Stream 21
21. Causal Inference in Social Policy Analysis
Thomas Biegert (London School of Economics and Political Science)
Elias Naumann (GESIS Leibiz Institute for the Social Sciences & University of Mannheim)
Social policy analysis at heart is interested in identifying causal relationships. We are interested in the reasons for policy changes, we are interested in policy effects, we are interested in why some policies are more popular than others. Yet, social policy analysis has been struggling with the establishment of causal relationships because it has to deal with a special set of problems. We often encounter issues such as collinearity, multiple alternative explanations, and limited variation in our explanatory variables as a consequence of the country-comparative setup of our research. Over the past decades, the social sciences have witnessed a surge in studies aiming to isolate causal effects. By applying the so-called potential outcomes framework of causality, this wave of research does not overly emphasize advanced econometric models but puts the focus on research design.
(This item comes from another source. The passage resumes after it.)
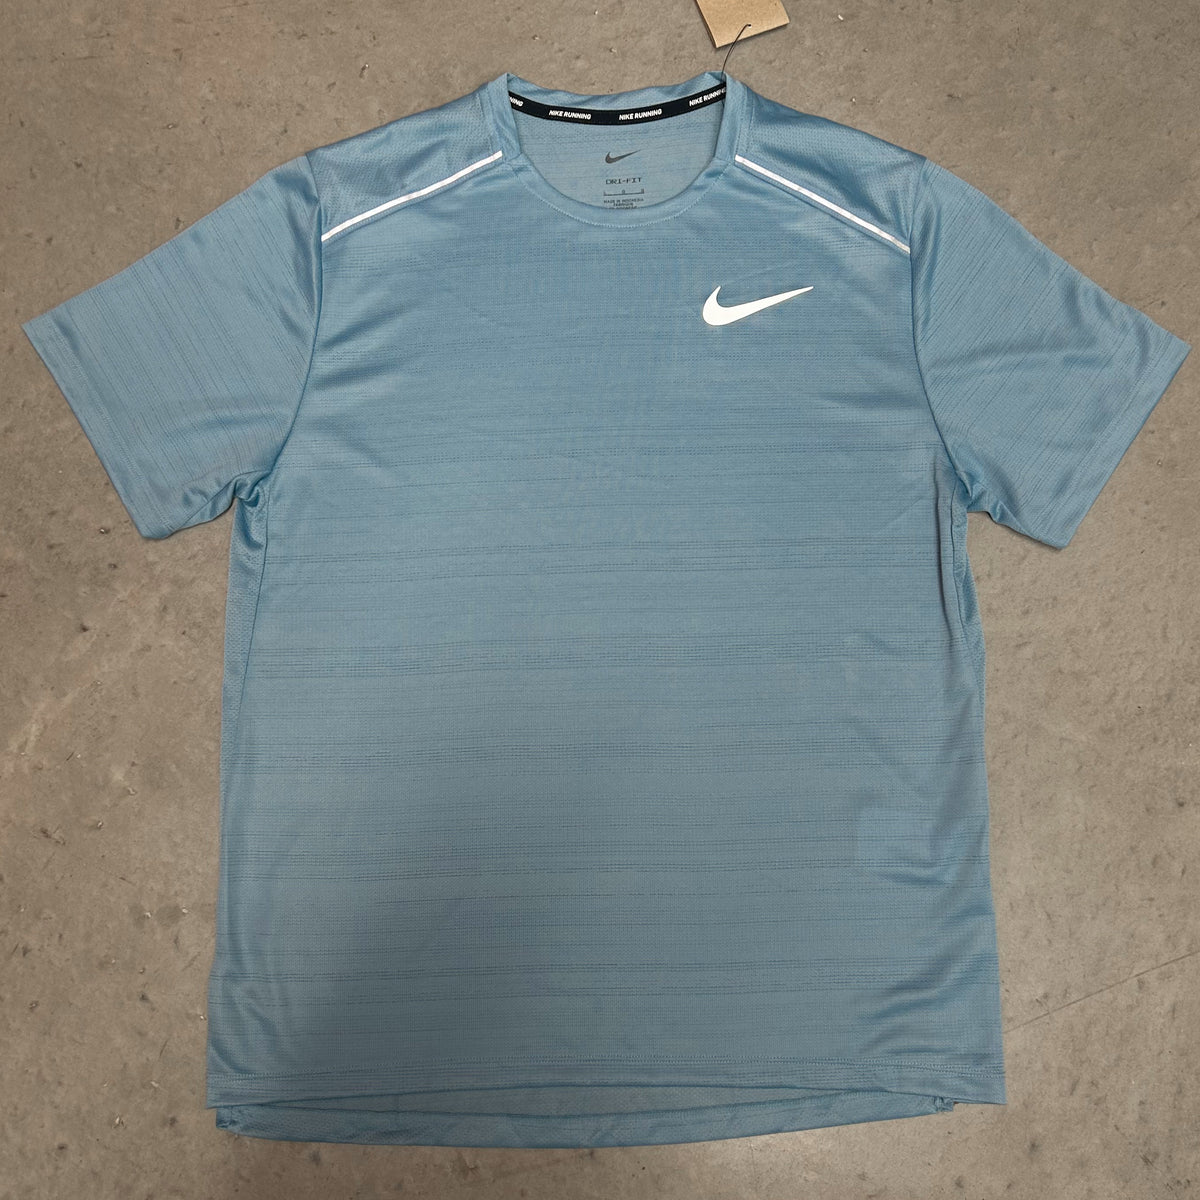 Nike Miler 1.0 Worn Blue

Based on the "gold standard" of randomized experiments it brings along a distinct way of thinking about how to set up studies and how we can identify causal relationships. Moreover, with the emergence of further practical tools and methods, such as directed acyclic graphs, and better data availability, more and more analyses of social policies have come to tackle these issues and are able to identify causal relationships in our research field. This stream aims to foster exchange between researchers in comparative social policy analysis who put a special focus on causal analysis. In particular, we invite contributions relying on natural or quasi-experiments, survey experiments, matching, instrumental variables, fixed effects panel designs, difference-in-differences-approaches, and regression discontinuity designs.
The stream invites paper proposals from all fields of social policy research. Paper proposals should include the research question, theoretical background, and (first) results, but also provide specific detail on the analytical approach taken to establish causality. The stream is also open to contributions that aim to present research proposals and discuss research designs.